Но старичок отказался.
– Я ничего не возьму от вас, – сказал он. – Я сделал вам одолжение не из интереса. Но послушайте, я знаю, что вы холост и я предполагал дать вам жену. Вы, я полагаю, без отвращения можете принять из моих рук ту, которую я вам предлагаю: она молода и благоразумна, и если пятнадцати тысяч экю для вас довольно, я буду очень рад доставить их вам.
Совершенно изумленный этим новым предложением, Оноре молчал.
– Ну как же? – с улыбкой спросил старикашка. – Вы отказываетесь от девушки с пятнадцатью тысячами экю.
– Нет, – отвечал Филон, – но ведь нужно взглянуть на нее.
– Еще бы! После обедни я вас сведу к ней в дом, и будьте наперед уверены, что и она и ее отец хорошо вас примут.
По окончании обедни Оноре Филон подошел к старику, который проводил его маленькими улицами, прилегавшими к Сен-Дени-де-ла-Шартр, в дом довольно приличной наружности. Они вошли в комнату, конечно, меблированную очень просто, но до того чистенькую, что можно было глядеться в ее паркет. Старик постучал в дверь, находившуюся в глубине комнаты, и на этот зов тотчас же явилась молодая девушка, которую Филон нашел сразу прелестной.

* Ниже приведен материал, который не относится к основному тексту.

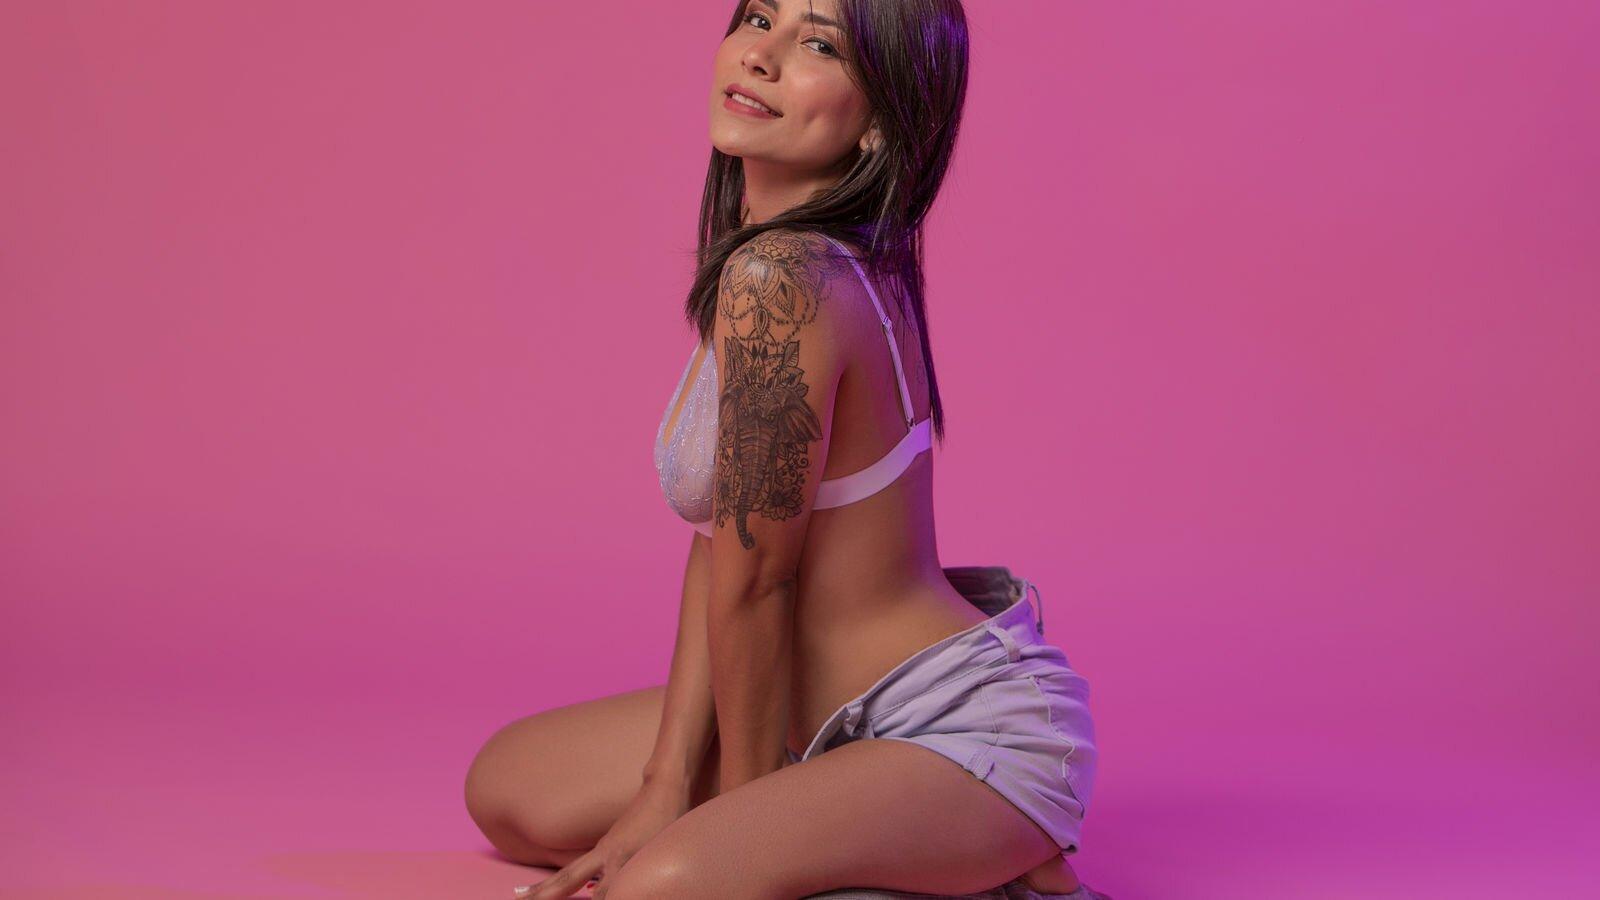 CamilleBale

– Милостивый государь, – сказал старик, – вот та, о которой я говорил вам, девица Мария Шаню. Я ее отец, а вот деньги, который я обещал вам, продолжал он, открывая ящик. – В конце концов я должен предупредить вас, что даю вам девушку не знающую ничего о свете; мать и – я, – мы воспитывали ее в страхе Божием, вдалеке от шума. Она, однако, не глупа, но у нее ум совершенно юный, который вы можете повернуть в любую сторону. Что касается до меня, то тотчас после вашей свадьбы я удалюсь в деревню, где буду жить на те крохи, который оставляю себе, и вы обо мне и не услышите.